Subrogation is an idea that's well-known in insurance and legal circles but sometimes not by the people who employ them. Even if it sounds complicated, it would be in your self-interest to comprehend the steps of the process. The more knowledgeable you are, the better decisions you can make with regard to your insurance policy.
Any insurance policy you own is an assurance that, if something bad occurs, the company on the other end of the policy will make good in a timely fashion. If you get hurt at work, for instance, your employer's workers compensation insurance agrees to pay for medical services. Employment lawyers handle the details; you just get fixed up.
But since determining who is financially responsible for services or repairs is regularly a time-consuming affair – and delay sometimes compounds the damage to the policyholder – insurance firms in many cases decide to pay up front and figure out the blame after the fact. They then need a means to regain the costs if, when all is said and done, they weren't responsible for the payout.
Let's Look at an Example
You rush into the doctor's office with a sliced-open finger. You give the receptionist your health insurance card and she records your policy details. You get taken care of and your insurer is billed for the expenses. But the next morning, when you arrive at your place of employment – where the injury occurred – your boss hands you workers compensation forms to fill out. Your employer's workers comp policy is in fact responsible for the hospital trip, not your health insurance. The latter has a right to recover its money in some way.

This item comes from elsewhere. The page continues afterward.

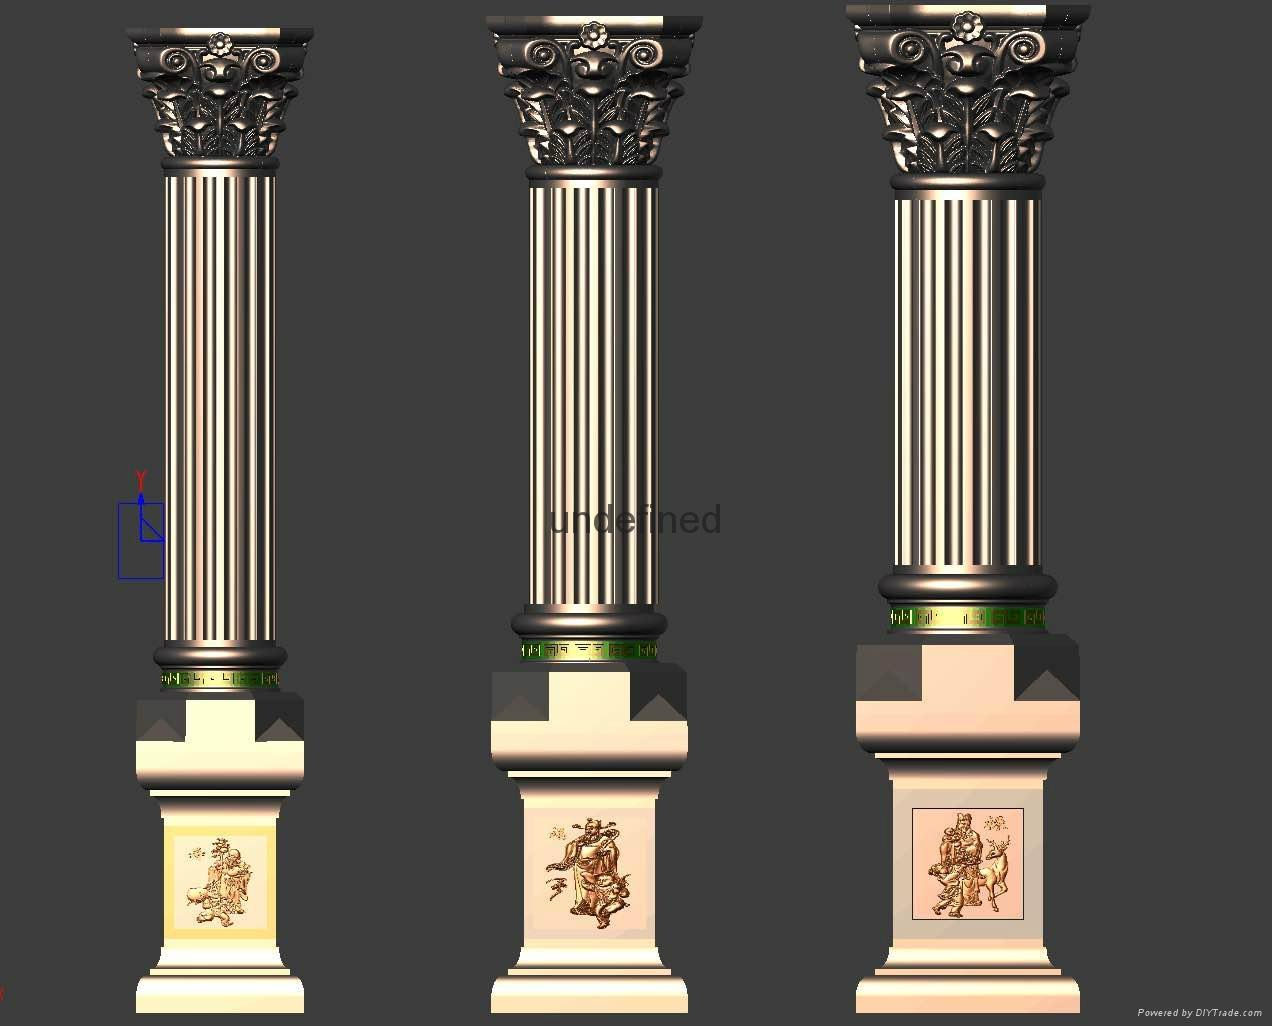 老王羅馬柱模具 2

How Does Subrogation Work?
This is where subrogation comes in. It is the way that an insurance company uses to claim reimbursement after it has paid for something that should have been paid by some other entity. Some insurance firms have in-house property damage lawyers and personal injury attorneys, or a department dedicated to subrogation; others contract with a law firm. Normally, only you can sue for damages done to your person or property. But under subrogation law, your insurer is given some of your rights in exchange for making good on the damages. It can go after the money that was originally due to you, because it has covered the amount already.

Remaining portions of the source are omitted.